Works on show include Vera Molnár’s 25 Carrés (1990) Courtesy Galerie Oniris

The previous two editions of Zero 10 have been curated by Eli Scheinman, who came into the art world via NFTs (non-fungible tokens). Formerly the director of art at Yuga Labs, which launched the popular NFT franchise Bored Ape Yacht Club, Scheinman took on his role as senior adviser in digital art at Art Basel in order to launch Zero 10. For the Swiss edition, Paglen was brought on as a co-curator.

Both Scheinman and Paglen want to address the scepticism that surrounds digital art head on, whether it is leftover doubts that have lingered after the speculative bubble of NFTs or the fear around the use of artificial intelligence (AI). Scheinman has found that people have a “visceral” reaction when they find out an artist is working with AI as part of their practice. The London-based Uzbek artist Aziza Kadyri, for example, uses a custom-trained AI model to examine authorship and collective memory in her piece A Borrowed Hand (2026), on show at Zero 10 with eastcontemporary gallery.

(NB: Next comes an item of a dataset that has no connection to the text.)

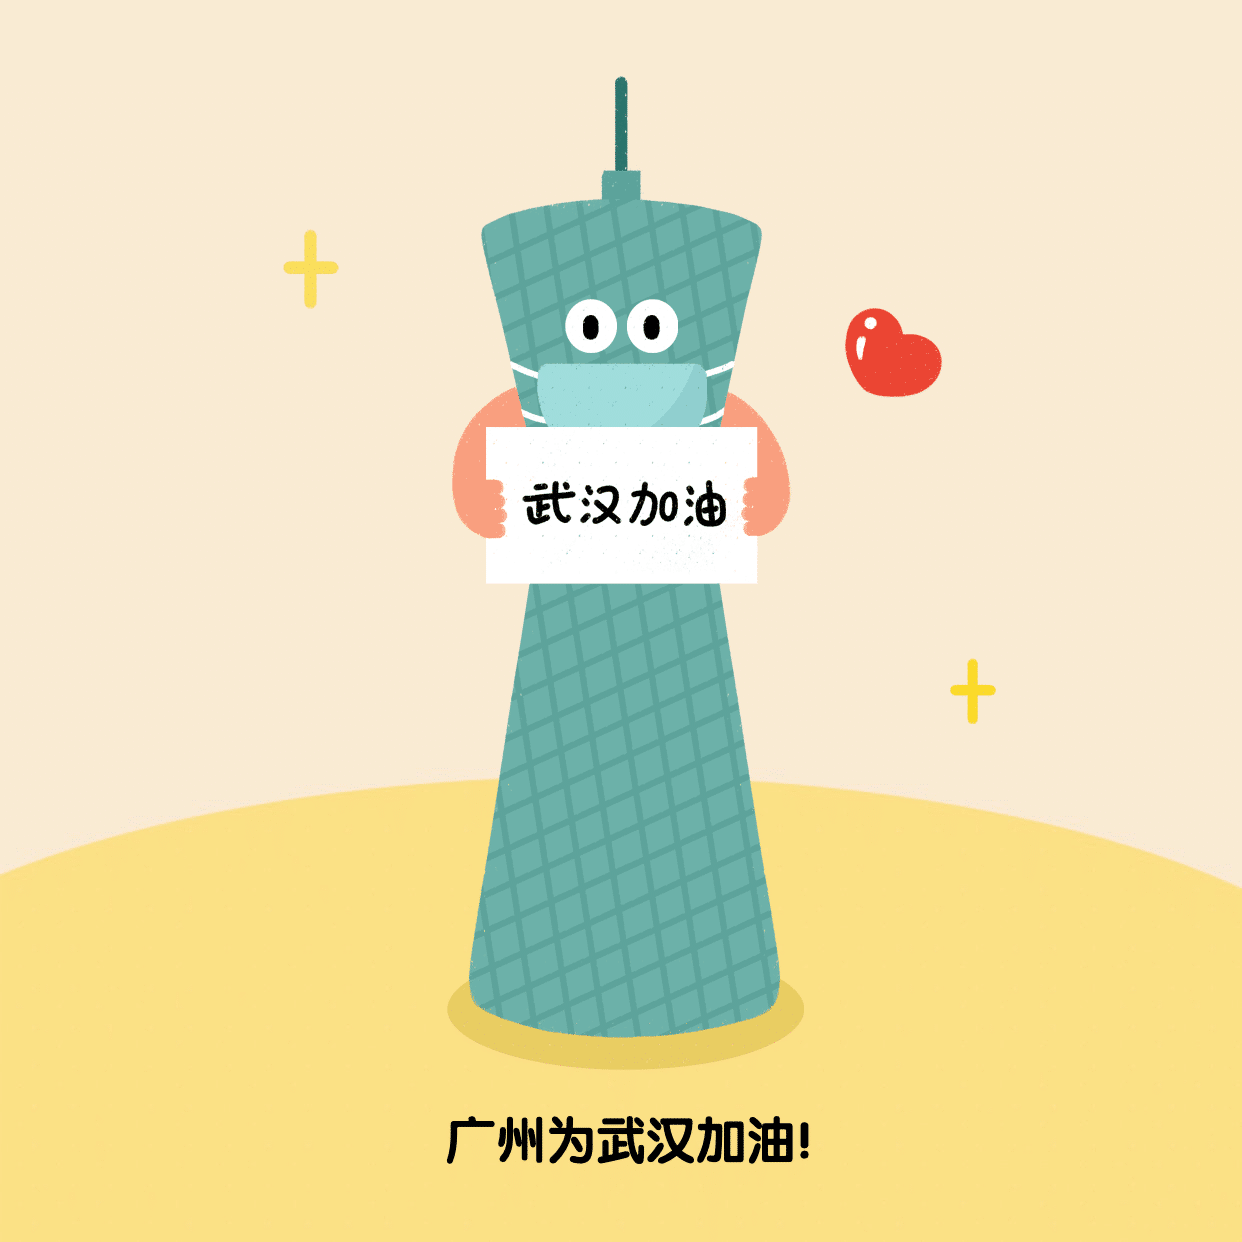 广州为武汉加油肺炎疫情方形海报预览效果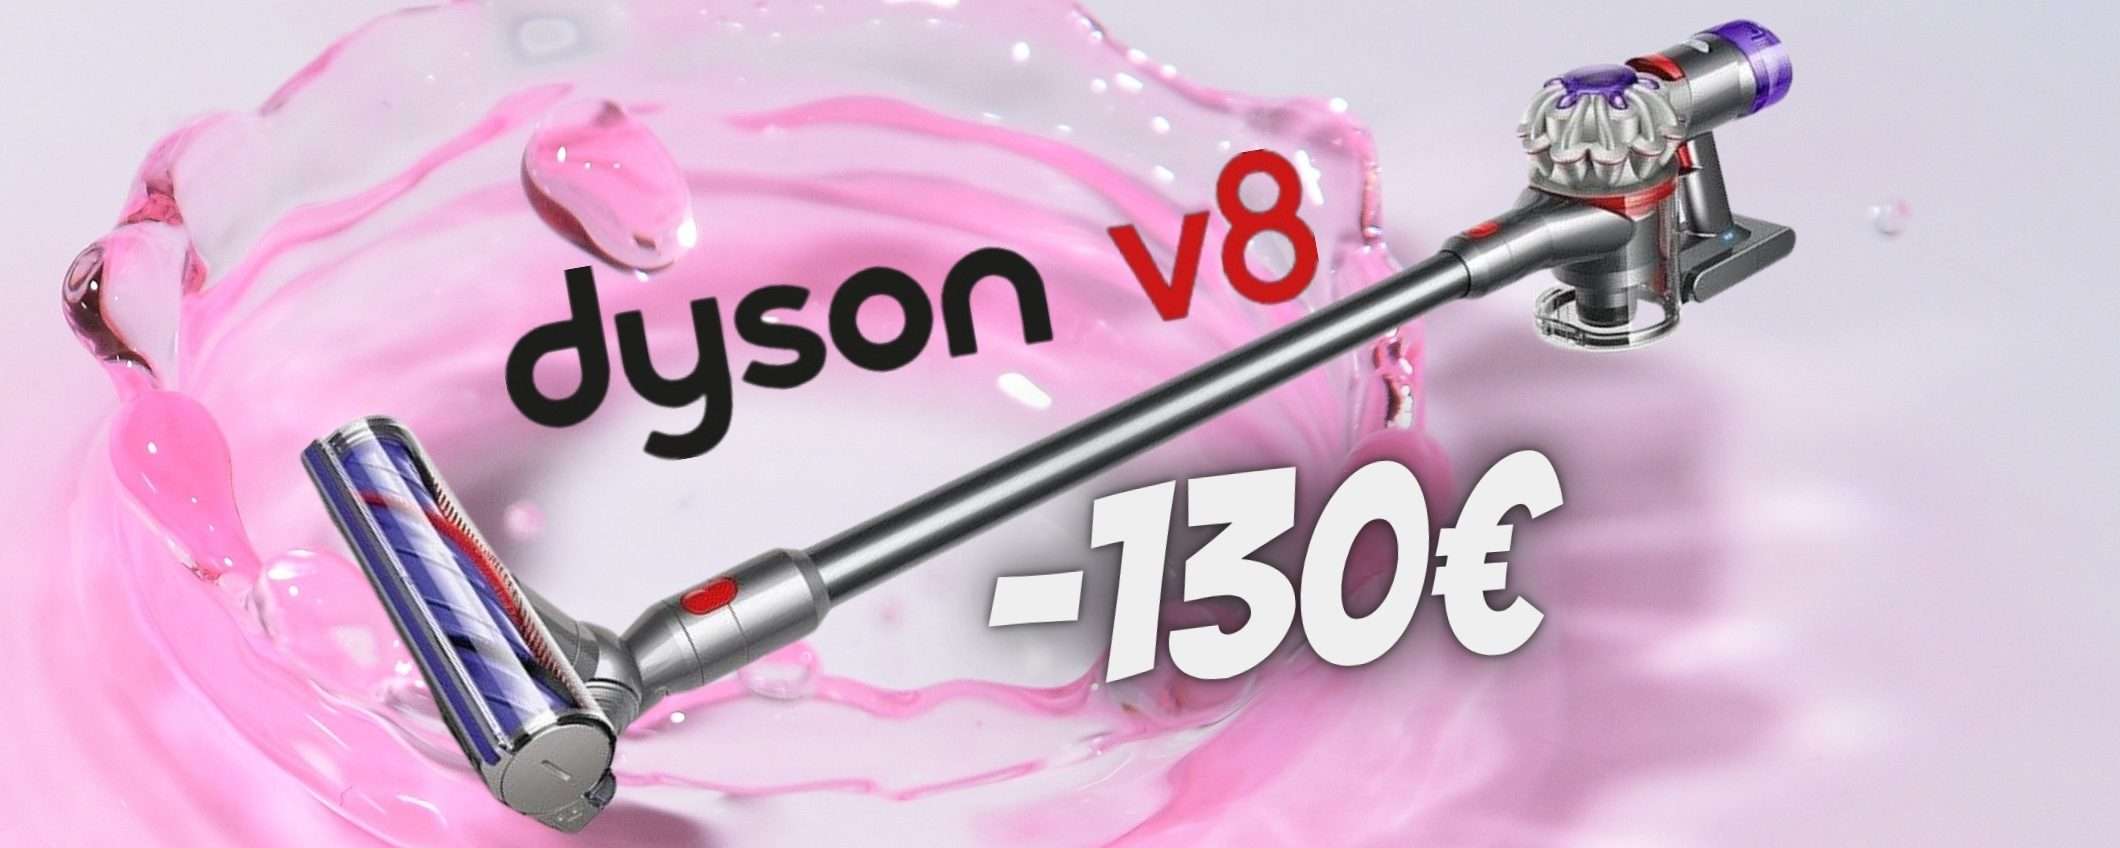 Dyson V8 in SCONTO ASSURDO di 130€ su eBay, il SOGNO si avvera

“There’s this [notion] that this is a shortcut or it is offloading the work to a machine. Why do you even need the human if the machine, the algorithm, the model, the agent can produce work?” Scheinman says. “I think at this moment in time it’s more important than ever to present work that interrogates that exact question.”

Historical arc

For this edition of Zero 10, Scheinman and Paglen wanted to focus on both these kinds of contemporary questions while giving the work historical context. Art Basel being a more “serious” fair, as Scheinman puts it, the co-curators saw this edition of Zero 10 as an opportunity to present a longer historical arc of digital art, with roughly a third of the artists on display having been active in the 1950s, 1960s and 1970s.

DEAFBEEF’s Glitchbox (2021-25); the artist, who began making NFTs in the early 2020s, started out as a blacksmith Courtesy of the artist and Asprey Studio

Artists like the Hungarian-born Vera Molnár, who died in 2023, represent an emerging canon of digital art. Her early experiments in algorithmic art are being presented by Oniris.art and Interface Gallery. (An exhibition of Molnár’s work is also on at the Kunstmuseum Basel, until 26 July.)

That Zero 10 has emerged as a space where the canon of digital art is being formed has rubbed some people up the wrong way. In a LinkedIn post, Kate Vass, a Web3 and AI adviser as well as digital art gallerist, wrote that instead of presenting digital art in conventional formats like the art fair, people should be “nurturing new ones—spaces where every voice can contribute, every artist has a chance to be seen and every idea can flourish without fear”. Vass’s post was typical of the anti-gatekeeper position that accompanied the NFT craze.

But for artists like DEAFBEEF, who was introduced to the art world when his NFTs made it big in the early 2020s, these traditional institutions are not a threat to different ways of engaging with people but live alongside them. “I have respect for the conventions and traditions and institutions [of the art world], that they’ve persisted,” he says.

Like many artists who came up during the NFT mania, DEAFBEEF does not fit the traditional profile of the kinds of people who end up with their work in Art Basel. He has never lived in a major city like New York and he did not go to art school. Before he started making NFTs, he was a blacksmith who made custom steel wedding rings and sold them on Etsy. Now, he still releases NFTs direct to his collectors online, but he also exhibits his works in institutions like the Toledo Museum of Art or the Los Angeles County Museum of Art (Lacma). “This fair, it’s just another [way of] communication,” he says. “[Although] it’s certainly more expensive.”